### Your objective
Transcribe the listing that follows in full, exactly, and drop its images.

### Supplied information
★ ★ ★ ★ ★
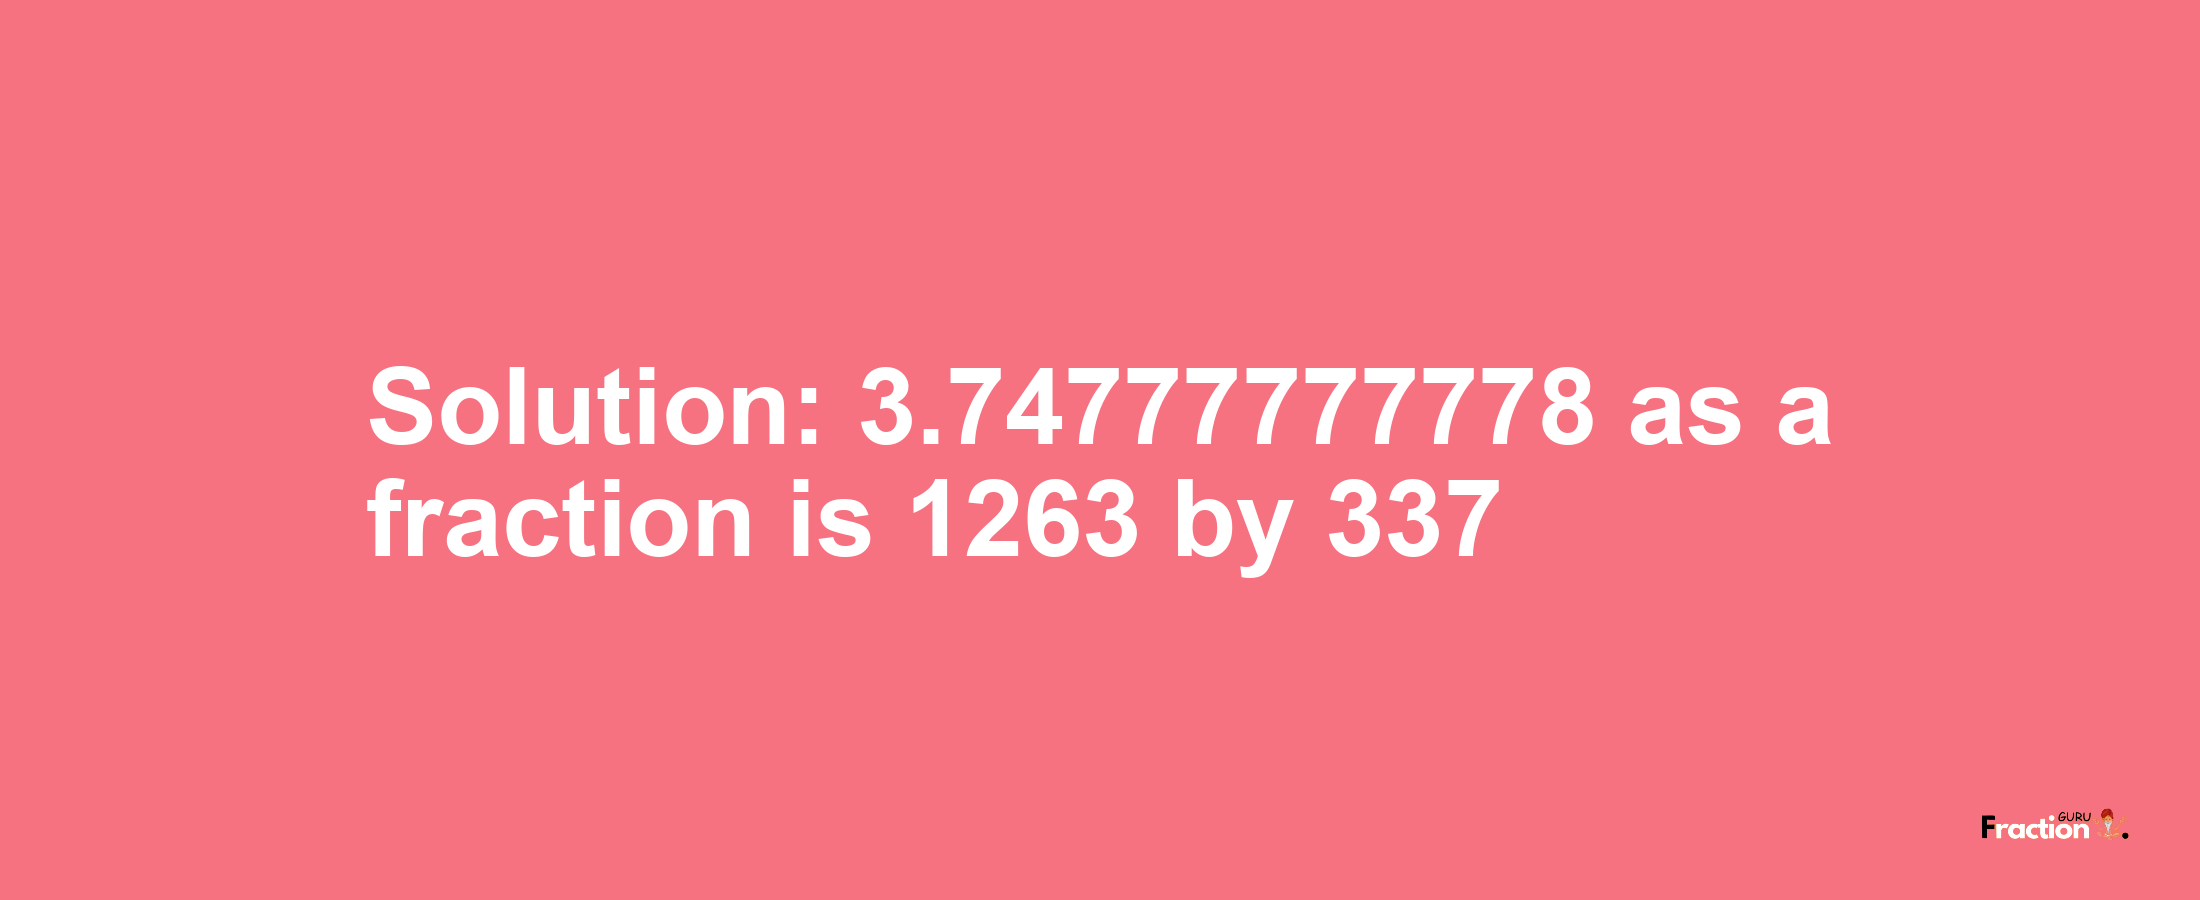 Solution:3.74777777778 as a fraction is 1263/337
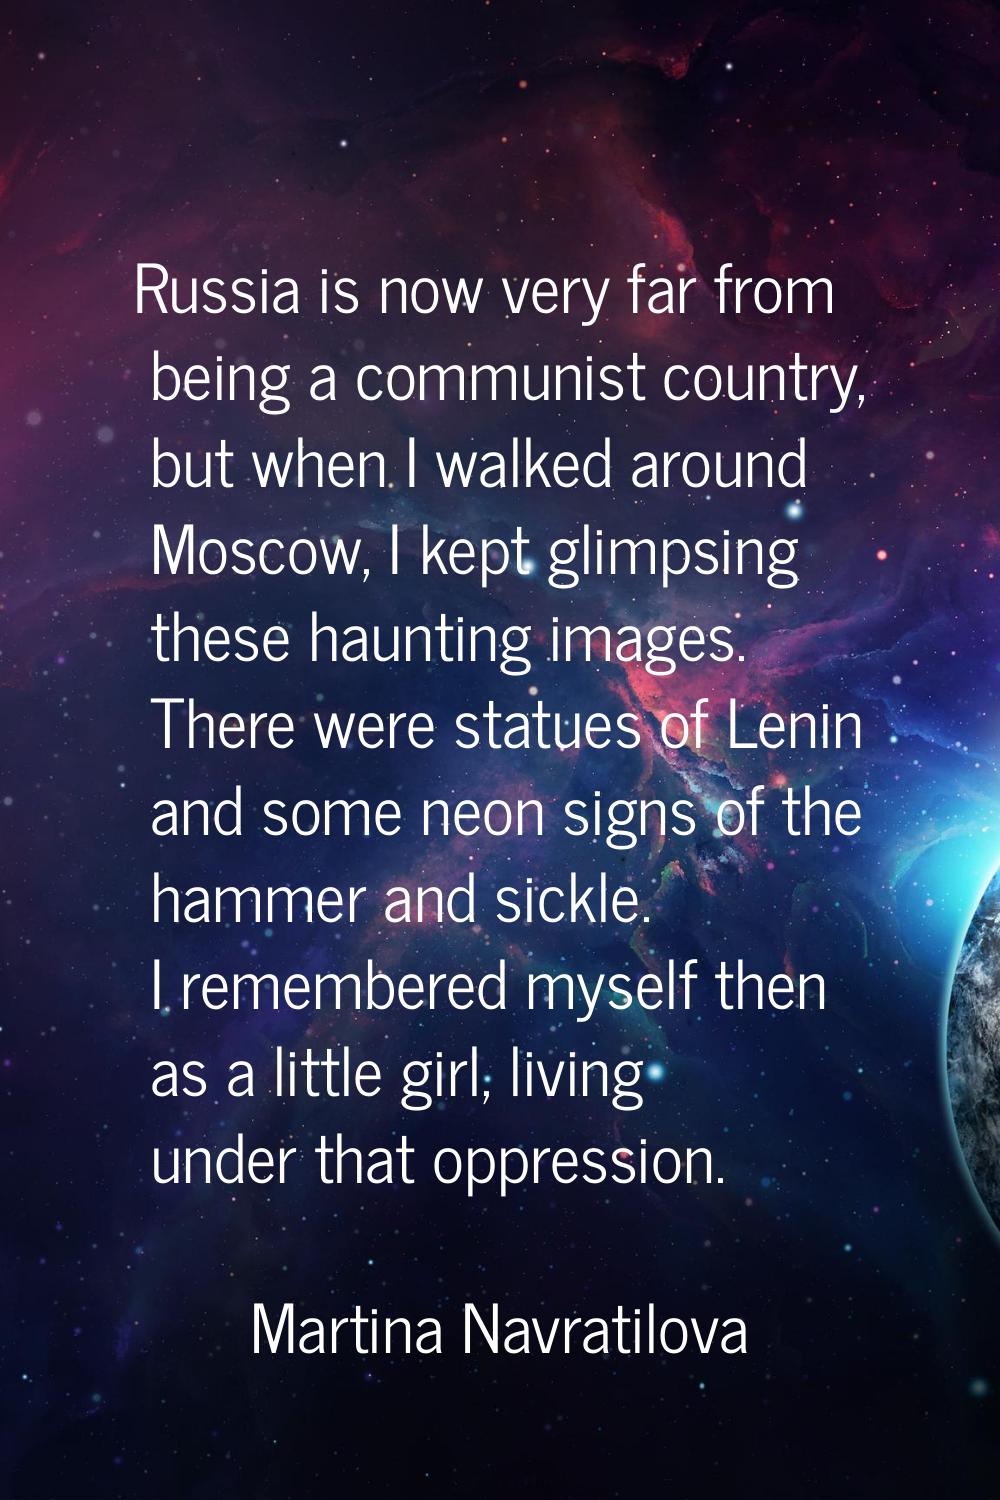 Russia is now very far from being a communist country, but when I walked around Moscow, I kept glim
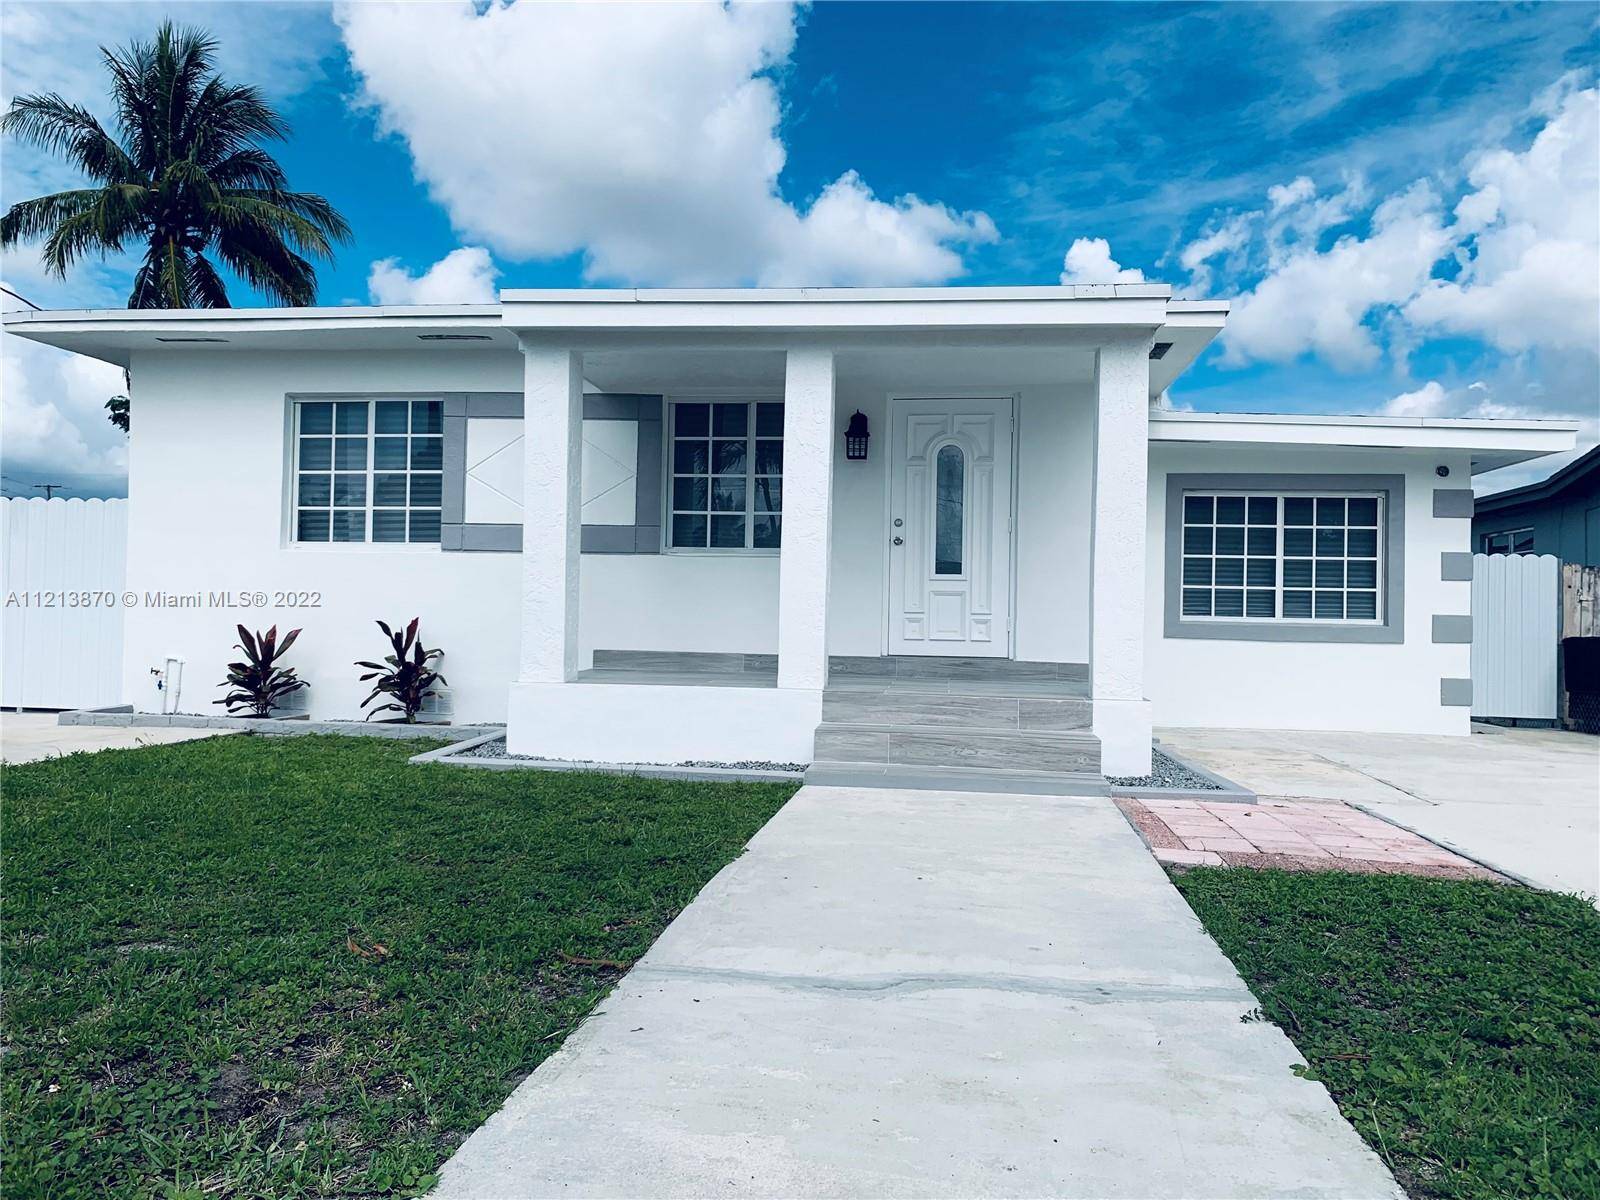 Remodeled Single Family Home located in Hialeah.
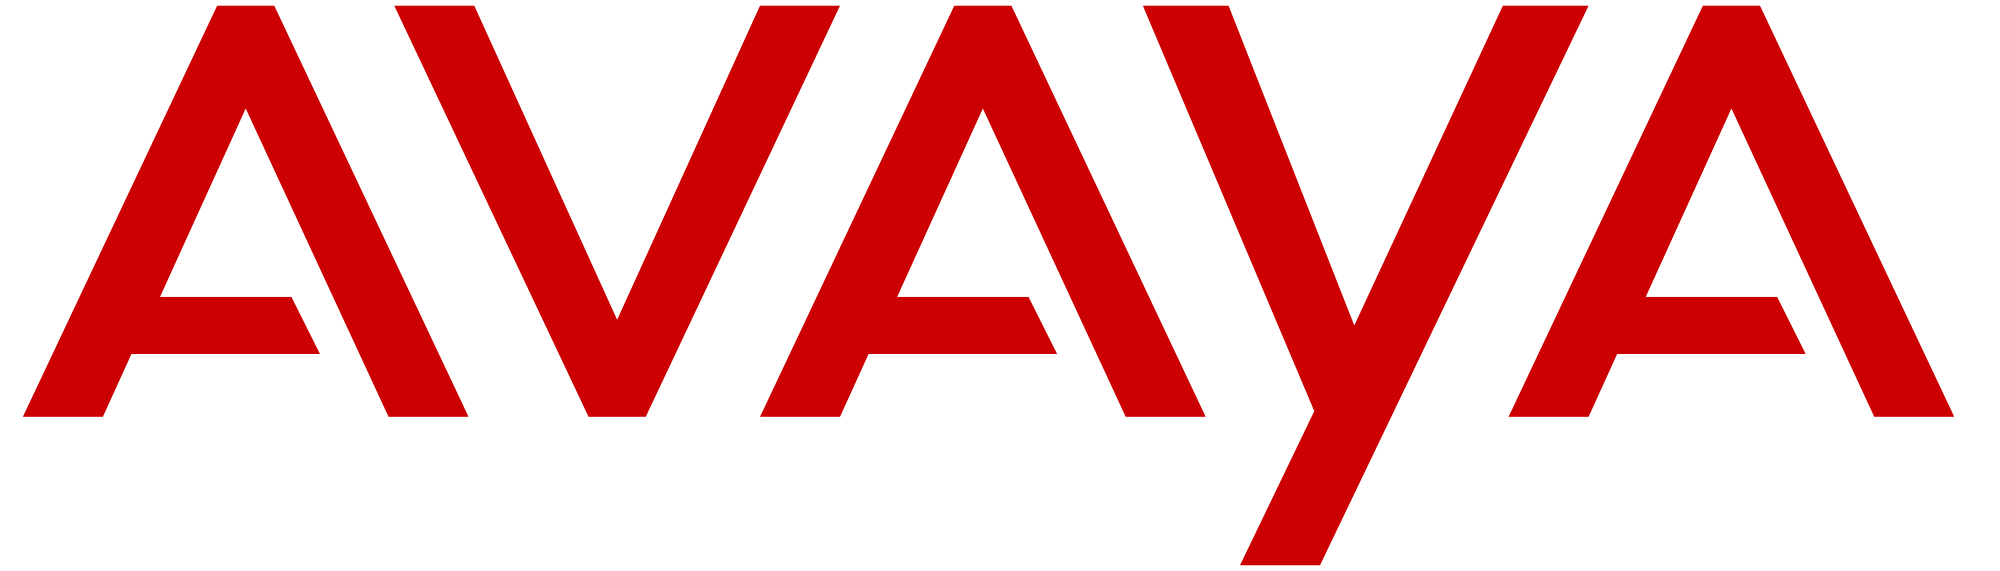 March Madness Highlights More Network Affiliates - Computers Nationwide - Avaya
★ ★ ★ ★ ★
### Your response
 Solution:3.74777777778 as a fraction is 1263/337
 Russia is now very far from being a communist country, but when I walked around Moscow, I kept glim
 Remodeled Single Family Home located in Hialeah.
 March Madness Highlights More Network Affiliates - Computers Nationwide - Avaya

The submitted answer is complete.